How do you handle things like scrolling quickly in a video?
this is really clever, props
Hi HN! I built this because I was frustrated that no LLM actually "sees" a video — Claude won't accept video files, ChatGPT reads the transcript only, and Gemini samples at a fixed 1fps (missing fast cuts, over-sampling static slides).
claude-real-video takes a URL or local file and:
1. Extracts frames at every scene change (not fixed intervals) + a density floor 2. Deduplicates with a sliding-window pixel-diff algorithm (so A-B-A interview cutaways don't re-send the same shot) 3. Transcribes audio (prefers embedded subtitles, falls back to Whisper) 4. Optionally keeps the full soundtrack for audio-capable models 5. Writes a clean MANIFEST.txt you can drop into any LLM chat
A 10-min presentation goes from ~600 fixed-interval frames to 5-15 meaningful keyframes. 90%+ token savings with better comprehension.
The dedup approach (v0.2.0) uses real pixel difference on 16x16 RGB thumbnails against a sliding window of the last N kept frames — inspired by videostil's pixelmatch, but simpler and self-contained.
`--report` generates a self-contained HTML showing every keep/drop decision with diff percentages, so you can tune the threshold visually.
pip install claude-real-video && crv "https://youtube.com/watch?v=..." --report
MIT licensed, pure Python + ffmpeg. Happy to answer questions!

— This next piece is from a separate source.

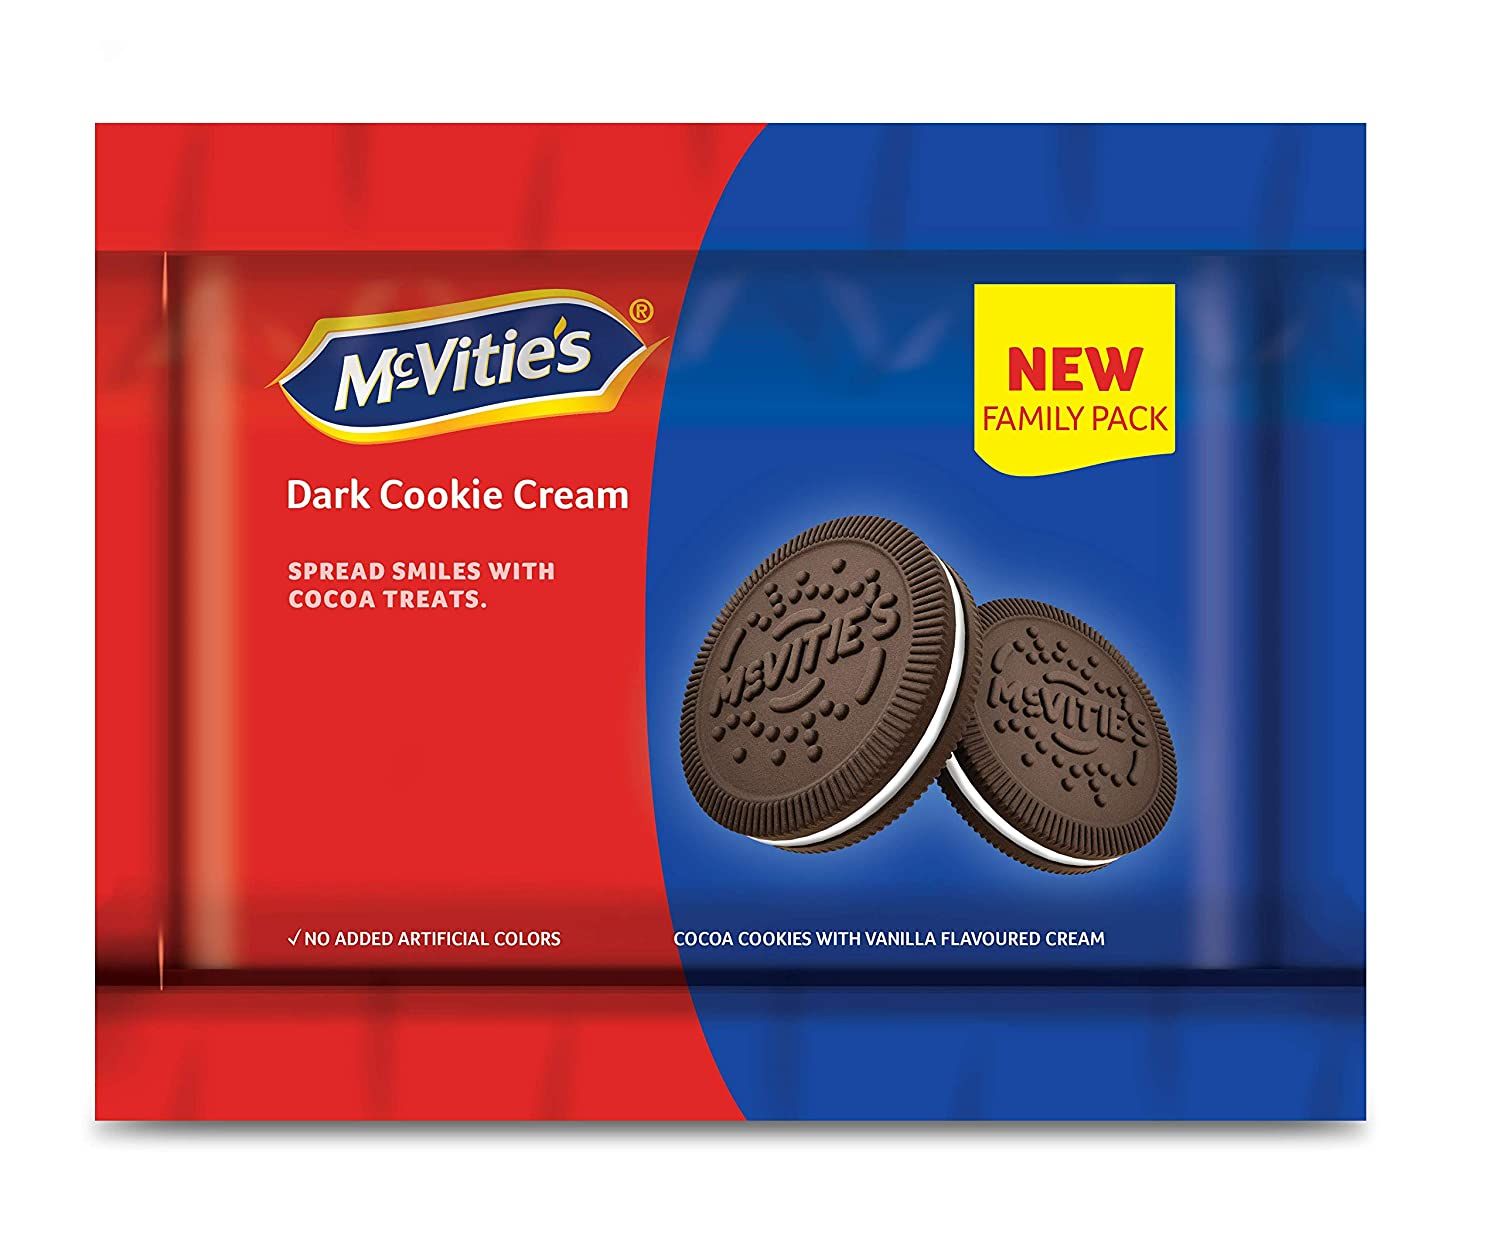 McVities Dark Cookies Cream Image

I gave Claude a video provided by a county attorney for a speeding ticket I got. It was spot on in its analysis, even though I don’t like what the video showed.
What does it mean that Claude can’t view video; it did it just fine. Or do you mean tool less?
yeah im pretty sure claude code can handle videos. its been doing frame by frame analysis for me with generated video to iterate on pipelines
I think a more or less clunky name like 'llm video preprocessor' would be better description? In any case seems like a you came up with a good project idea. I wonder how long until the sota models will just have this kind of functionallity built in.
Very cool I have something that does this as well along these lines. I’ll dig into yours over the next few days and contribute where and if I can too, awesome to see!